How does DataLad represent modifications to data?

As DataLad always tracks files individually, datalad status (or, alternatively, git status or git annex status) will show modifications on the level of individual files:

$ datalad status
  deleted: /home/me/DVCvsDL/DVC-DataLad/data/raw/val/n01440764/n01440764_12021.JPEG (symlink)

$ git status
  On branch master
  Your branch is ahead of 'origin/master' by 2 commits.
    (use "git push" to publish your local commits)

  Changes not staged for commit:
    (use "git add/rm <file>..." to update what will be committed)
    (use "git restore <file>..." to discard changes in working directory)
      deleted:    data/raw/val/n01440764/n01440764_12021.JPEG

$ git annex status
  D data/raw/val/n01440764/n01440764_12021.JPEG

5.1.3. Sharing data

In the second part of the tutorial, the versioned data is transferred to a local directory to demonstrate data sharing.
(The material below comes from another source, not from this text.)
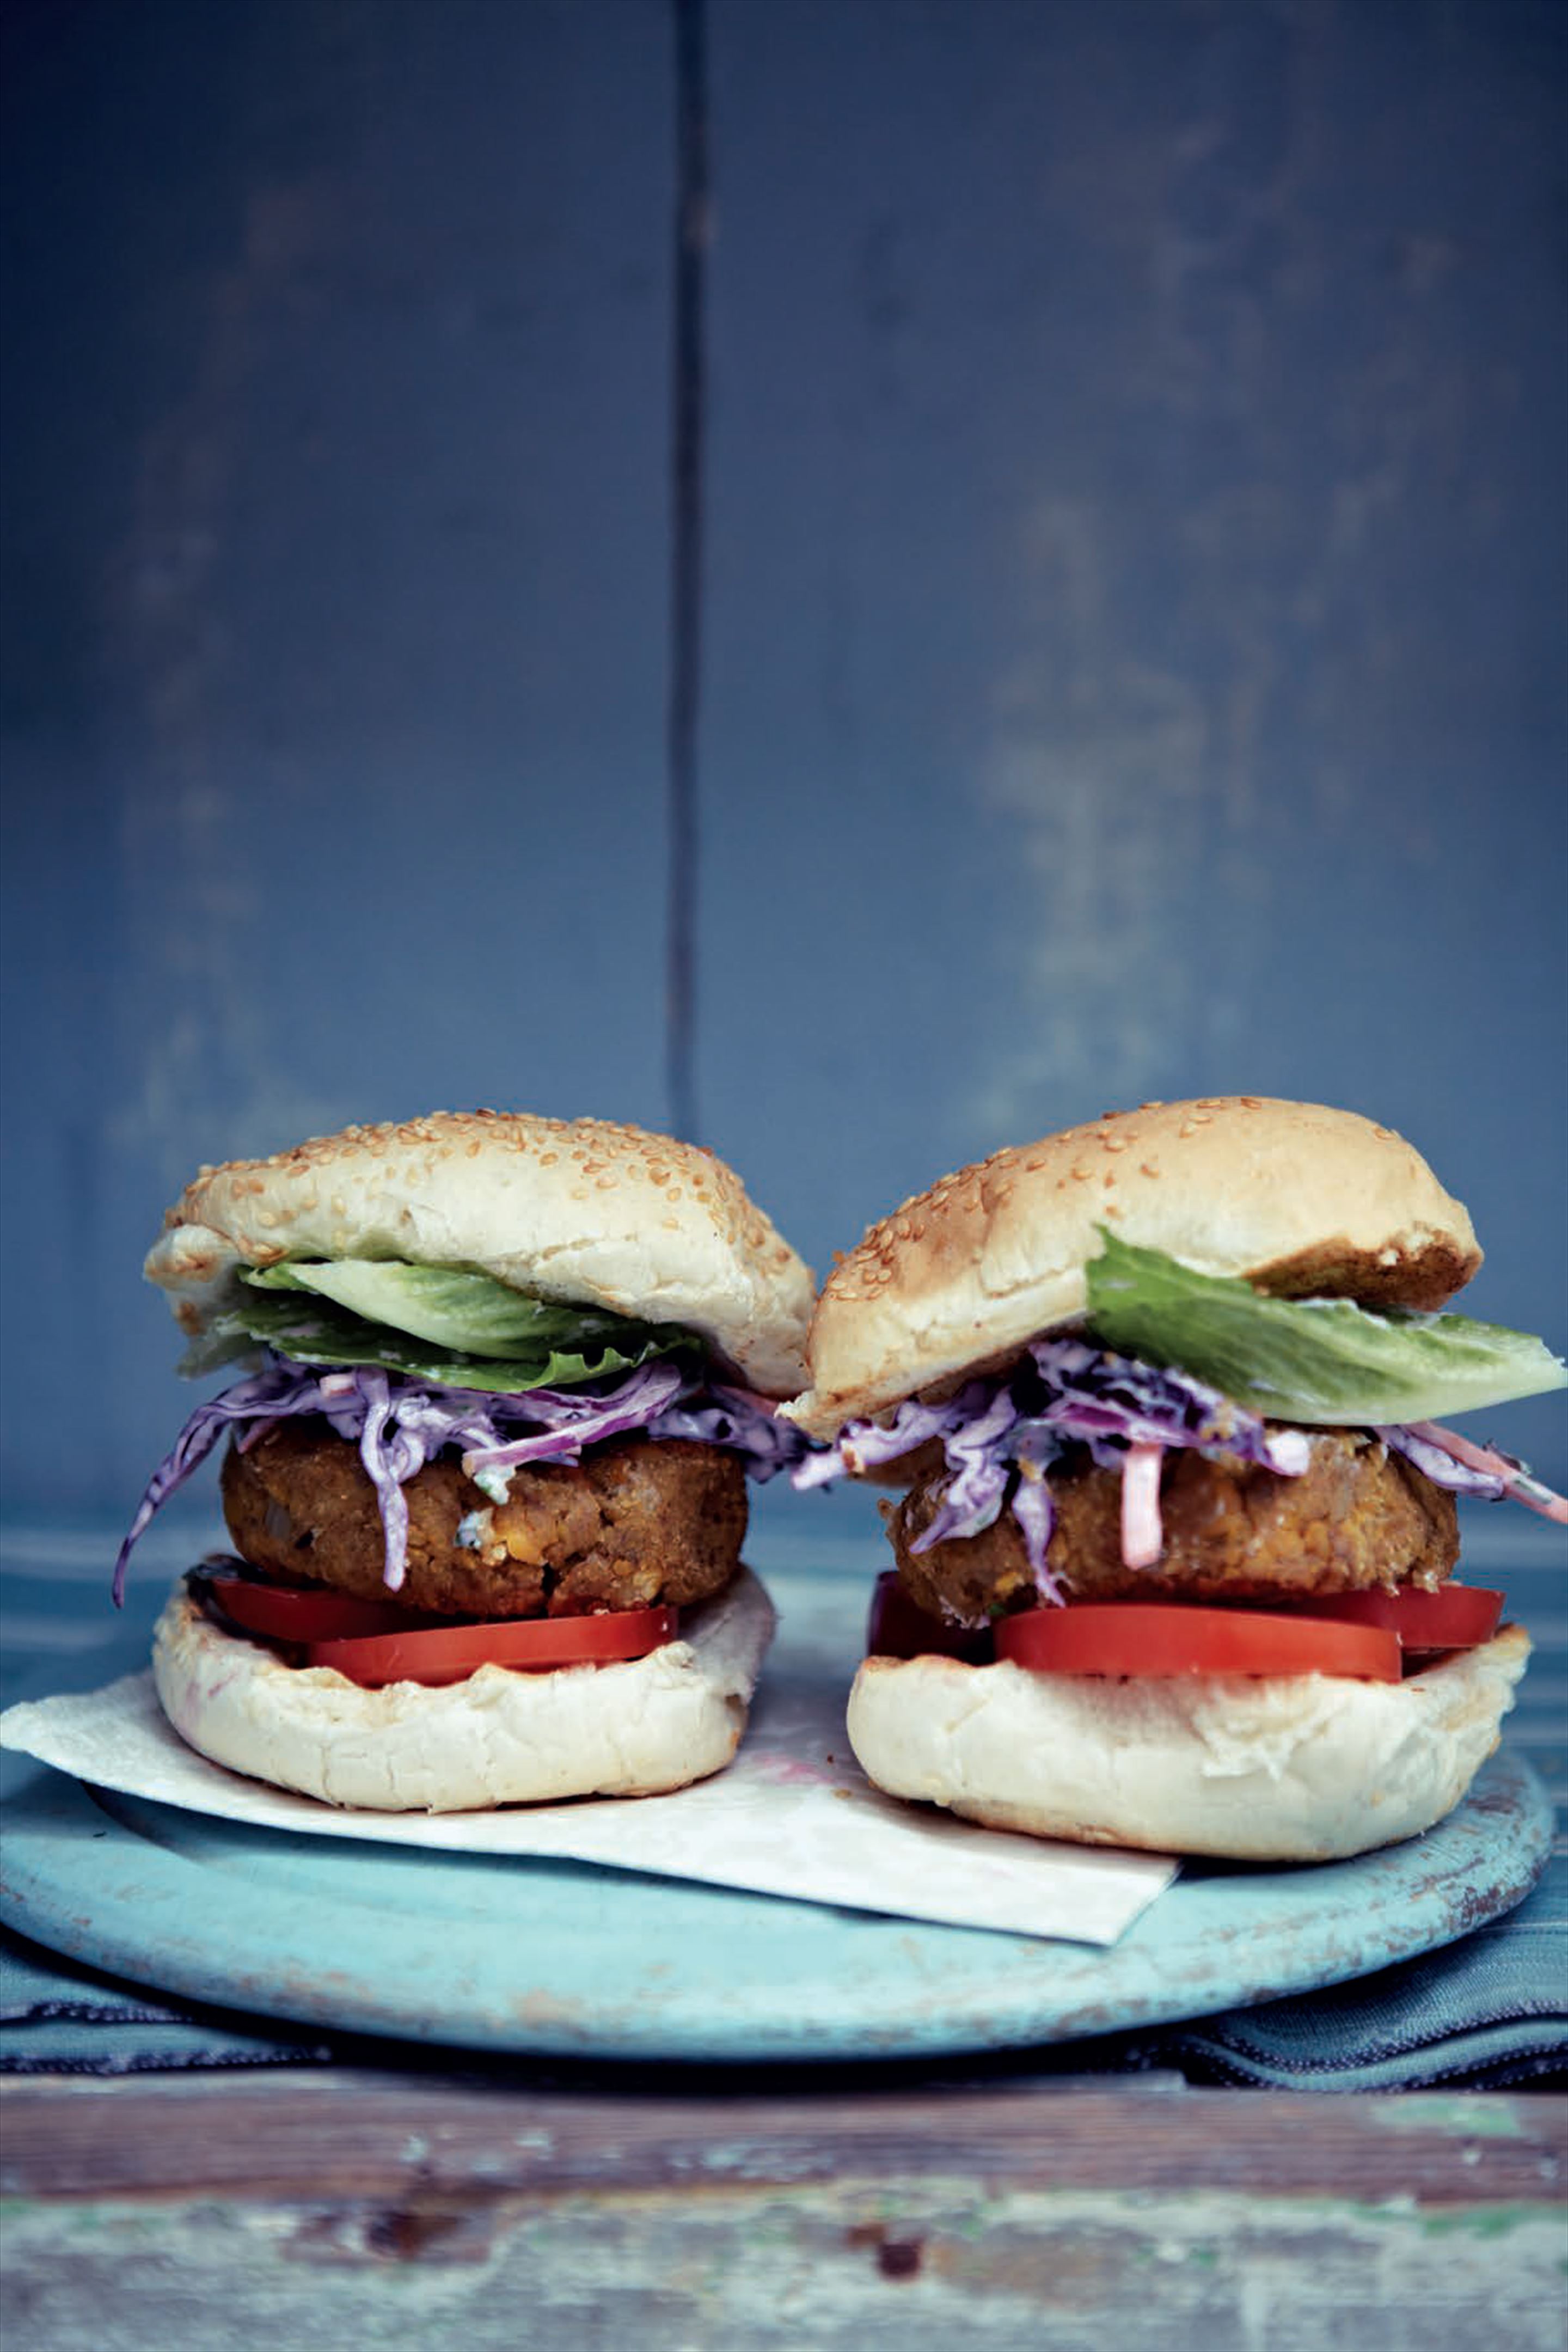 Mile-high chickpea burgers with Indian purple coleslaw

The general mechanisms of DVC and DataLad data sharing are similar: (Large) data files are kept somewhere where potentially large files can be stored. They can be retrieved on demand as the location information is stored in Git. DVC uses the term “data remote” to refer to external storage locations for (large) data, whereas DataLad would refer to them as (storage-) siblings.

Both DVC and DataLad support a range of hosting solutions, from local paths and SSH servers to providers such as S3 or GDrive. For DVC, every supported remote is pre-implemented, which restricts the number of available services (a list is here), but results in a convenient, streamlined procedure for adding remotes based on URL schemes. DataLad, largely thanks to “external special remotes” mechanism of git-annex, has more storage options (in addition for example DropBox, the Open Science Framework (OSF), Git LFS, Figshare, GIN, or RIA stores), but depending on selected storage provider, the procedure to add a sibling may differ. In addition, DataLad is able to store complete datasets (annexed data and Git repository) in certain services (e.g., OSF, GIN, GitHub if used with GitLFS, Dropbox, …), enabling a clone from for example Google Drive, and while DVC can never keep data in Git repository hosting services, DataLad can do this if the hosting service supports hosting annexed data (default on Gin and possible with GitHub, GitLab or BitBucket if used with GitLFS).

5.1.3.1. DVC workflow

Step 1: Set up a remote

The DVC tutorial demonstrates data sharing via a local data remote7. As a first step, there needs to exist a directory to use as a remote, so we will create a new directory:

### DVC
# go back to DVC (we were in DVC-Datalad)
$ cd ../DVC
# create a directory somewhere else
$ mkdir ../dvc-remote

Afterwards, the new, empty directory can be added as a data remote using dvc remote add. The -d option sets it as the default remote, which simplifies pushing later on:

### DVC
$ dvc remote add -d remote_storage ../dvc_remote
Setting 'remote_storage' as a default remote.

The location of the remote is written into a config file:

### DVC
$ cat .dvc/config
[core]
    remote = remote_storage
['remote "remote_storage"']
    url = ../../dvc_remote

Note that dvc remote add only modifies the config file, and it still needs to be added and committed to Git:

### DVC
$ git status
On branch master
Your branch is ahead of 'origin/master' by 2 commits.
  (use "git push" to publish your local commits)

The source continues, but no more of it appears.